Меня, как «очень важное и для немцев, и для моих товарищей» лицо, т. е. переводчика, Петцольд по указанию фельдфебеля поселил в крайнюю комнату. Окно комнаты было зарешечено и имело маленькую форточку. На полу стояла металлическая переносная вешалка, на которой висели пять чьих-то шинелей и головных уборов. Так что здесь впервые в плену я получил возможность спать более или менее по-человечески, т. е. на постели с тюфяком, одеялом и подушкой. Мешки с личными вещами здесь лежали рядом с подушками, а под нарами виднелись домашние туфли – пантофели на деревянной подошве, которые поздно вечером принесли и мне. Рядом с окном вместе с несколькими стульями находился стол с листками чистой бумаги, карандашом, ластиком, ручкой и пузырьком с синими чернилами, а также пепельницей. На стене имелась длинная полка, заставленная котелками, кружками, тарелками и другими кухонными вещами.

А самое главное – в комнате была металлическая раковина с водопроводным краном и верхней полочкой для мыла, зубной щетки и зубного порошка. Я радовался возможности умыться, почистить зубы, помыть посуду после еды и вдоволь напиться чистой воды.

Моими соседями оказались: высокорослый санитар Николай Павлович, бывший капитан-артиллерист, записавшийся при регистрации рядовым санинструктором, полицай Федор Журавский, бывший старший лейтенант, и старший уборщик лагеря Никита Парфенов, как и я – рядовой красноармеец, а до призыва в армию – колхозник.

Санитар держал в комнате небольшой запас простых лекарств, включая марганцовку, йод, порошок древесного угля и еще что-то, а также перевязочный материал, чтобы оказать первую помощь. О себе он ничего не рассказывал.

Федя-полицай, как его звали все пленные, был родом из Белоруссии и заявлял, что является по национальности поляком, хотя польского языка не знал.
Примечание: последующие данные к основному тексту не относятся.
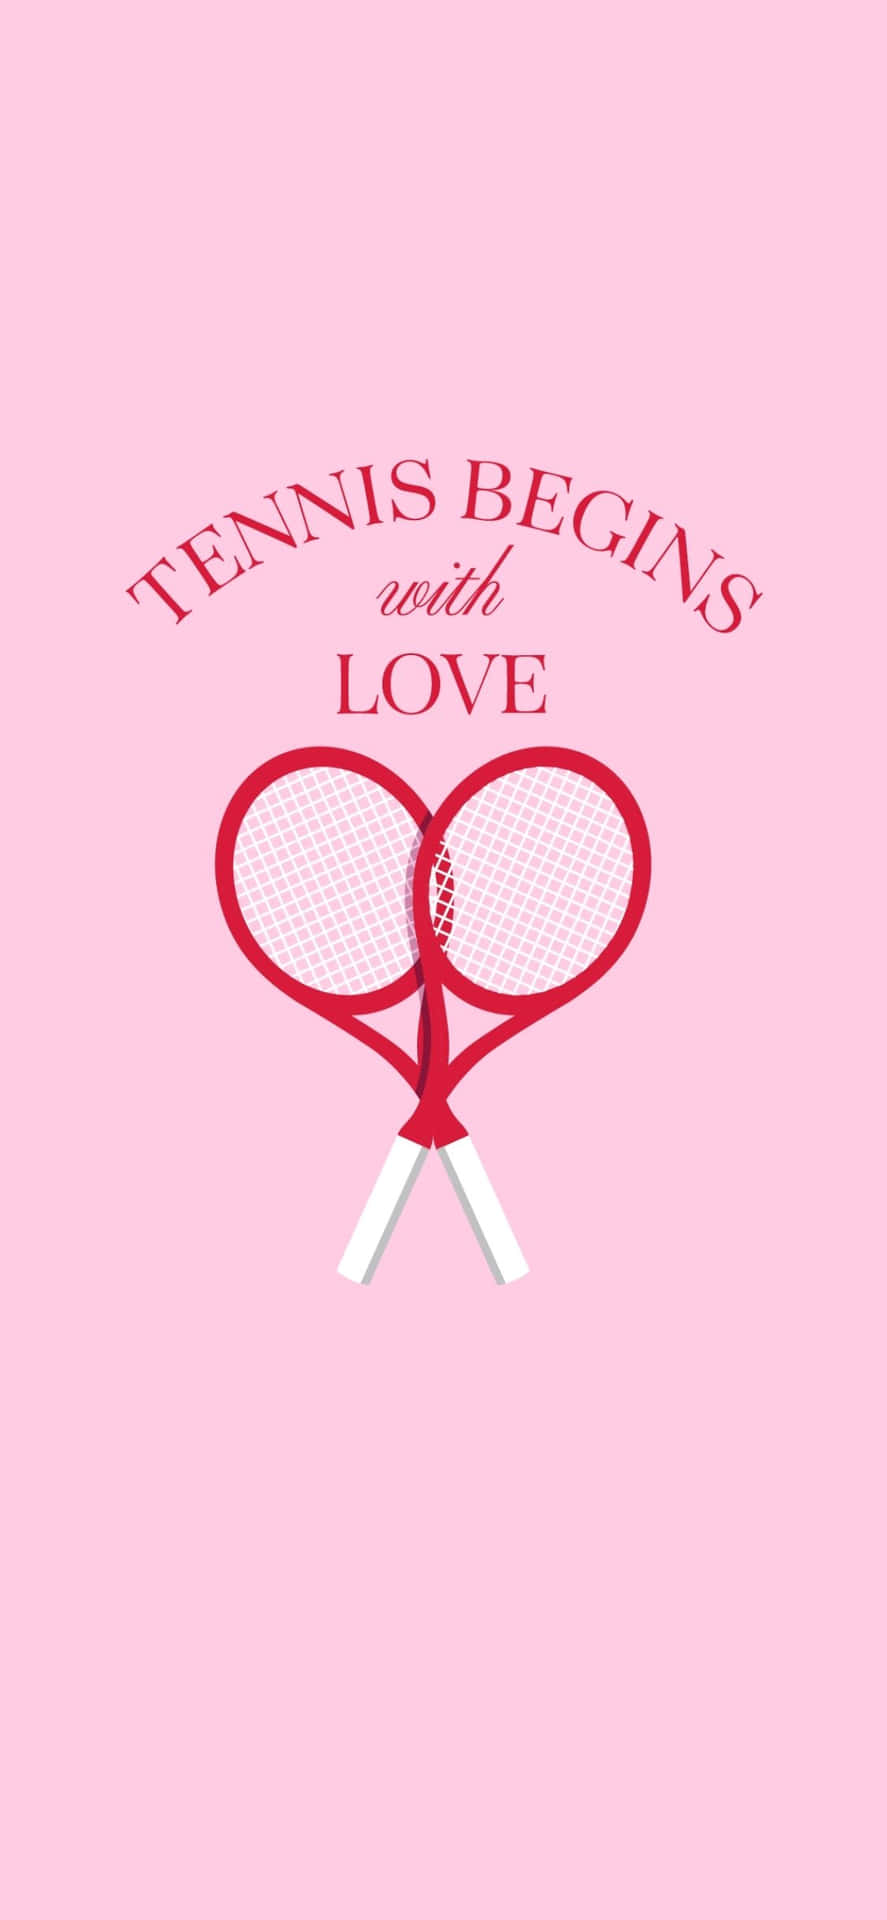 Sfondoper Iphone Xs Tennis.

Как полицай он был человеком гуманным, не способным кого-либо из пленных обидеть, а те, наоборот, нередко оскорбляли его за ненавистную им должность.

Никита (Никита Парфенович Парфенов) был человеком лет сорока. До войны он проживал в деревне Юфаново Издешковского района Смоленской области. Из-за рыжеватого оттенка волос он получил прозвище Никита Рыжий. Никита был хитер и, когда это ему было надо, притворялся дурачком. Большинство пленных относились к Никите презрительно, поскольку он, помимо своей основной обязанности, единственный в лагере занимался уборкой караульного помещения, кабинета и комнаты фельдфебеля, прислуживая ему вроде денщика и получая от него и от других немцев остатки еды. Меня Никита уважал и после войны года два со мной переписывался.

О Саше я узнал, что он родом из украинского города Славянска. В школе он проучился 8 лет, немецкого языка вовсе не изучал и немного освоил его по разговорам немцев между собой, когда, попав в июле 1941 года в плен, работал на большой немецкой кухне в Минске. Скоро пришел Саша, а за ним минут на десять заглянул за чем-то Миша (Михаил Митрофанович) Федерякин, являвшийся русским шефом кухни. Мне было приятно услышать, что мы оба бывшие студенты старших курсов. Миша сообщил, что родом он из-под города Грязи Воронежской области. Пленные почему-то дали ему прозвище Цыпленок. В 1947 году, разговаривая в Московском институте стали с бывшим однокурсником и будущим доктором технических наук Васей Голиковым, я узнал, что Миша – его двоюродный брат. Вася сказал, что Миша не вернулся с войны и никто из родных ничего не знает о его судьбе. Я оказался единственным, кто сообщил им кое-что о Мише.

Все соседи были рады иметь меня в рабочей команде. И Николай Павлович, и Федя Журавский, и Миша Федерякин немного владели немецким языком, а Миша Федерякин знал язык лучше, чем они. Однако до меня и до Саши им было еще далеко. А Никита знал лишь несколько немецких слов и объяснялся со своим шефом в основном пантомимами и… на русском языке.

После ухода Миши к нам зашёл фельдфебель Хебештрайт в сопровождении унтер-офицера Петцольда, державшего белую повязку, карандаш, маленькую кисточку, ученическую ручку с пером и склянку с черными чернилами, которые он положил на стол.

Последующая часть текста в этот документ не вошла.